A couple of new procedures have cropped up over the last several years that rejuvenate the arms without leaving a lengthy scar. Dr. John Q. Cook of Chicago, IL discusses these new arm techniques and why they are a total game changer for his practice.

“[The arms are] a part of plastic surgery that has evolved quite nicely in the last couple of years,” explains Dr. Cook. As time passes, the skin on the arm can get stretched out and hang down a bit, a condition often referred to as “bat wings.” There can also be some extra fat in certain areas of the arm. Many patients are incredibly self-conscious about their arms to the point where they won’t wear certain clothing. Until recently, the only real option for plastic surgeons the brachioplasty, or a surgical arm lift. This procedure, where a plastic surgeon cuts out a whole swatch of skin, removes fat and re-sculpts the arm, is incredibly effective. Even so, it comes at a price: “the price is a very long scar that is relatively conspicuous,” shares Dr. Cook.

This rules out an arm lift for most patients with only mild to moderate looseness in the arms. However, if you are someone who has severe aging in the arms or who has undergone massive weight loss, a brachioplasty is still going to be the procedure of choice. Luckily, there are some modifications to the arm lift that move the scar away from its traditional location in the groove of the bicep to a more discreet location, making it more palatable for many patients.
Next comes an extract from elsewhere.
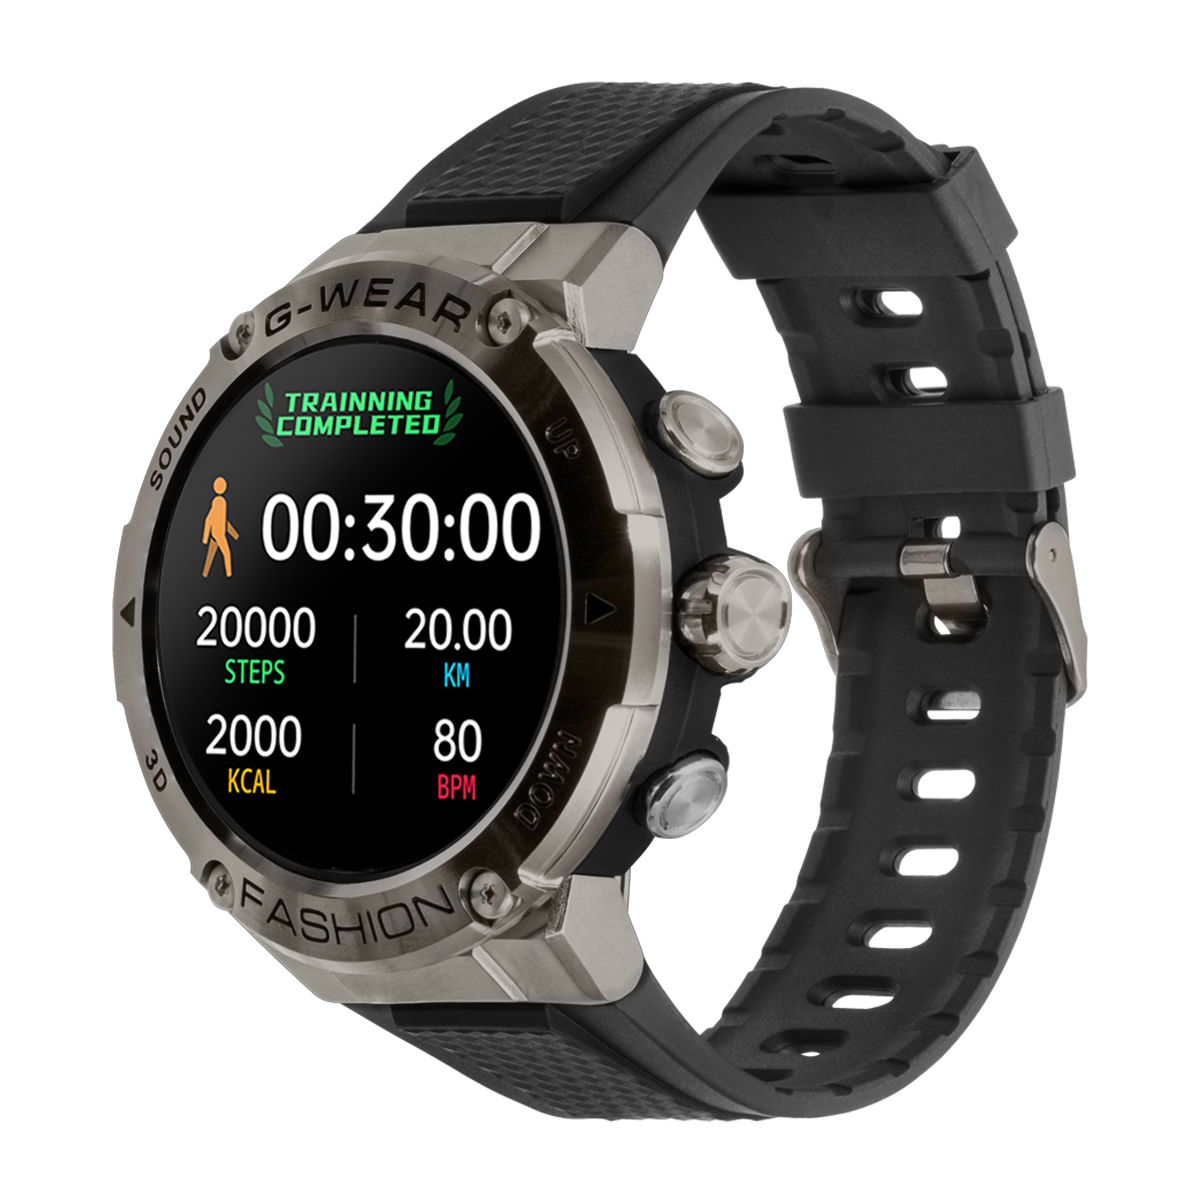 sportowy smartwatch watchmark g-wear czarny

Many plastic surgeons have tried over the years to treat the arms with regular liposuction. Dr. Cook, however, has always stayed away from this procedure for the arms because he never liked the results. Yes, the surgeon can remove the fat, but afterwards, the patient is left with skin that can be even looser than before surgery. For most patients, this did not ultimately wind up being a good trade-off.

Now, in the era of new arm techniques, liposuction has become powerful thanks to a helpful non-surgical friend. The two treatments Dr. Cook uses quite frequently in his practice:

laser liposuction (SlimLipo®)
SlimLipo is a very specific type of liposuction in which a small probe is inserted beneath the skin to emit laser energy. It consists of two different wavelengths of light. One of these wavelengths is excellent at melting fat while the other tightens not the skin, but the little structures that run from the muscles all the way up to the skin. Once the laser portion of the procedure is done, a surgeon will use a cannula, or hollow metal tube, to remove the melted fat.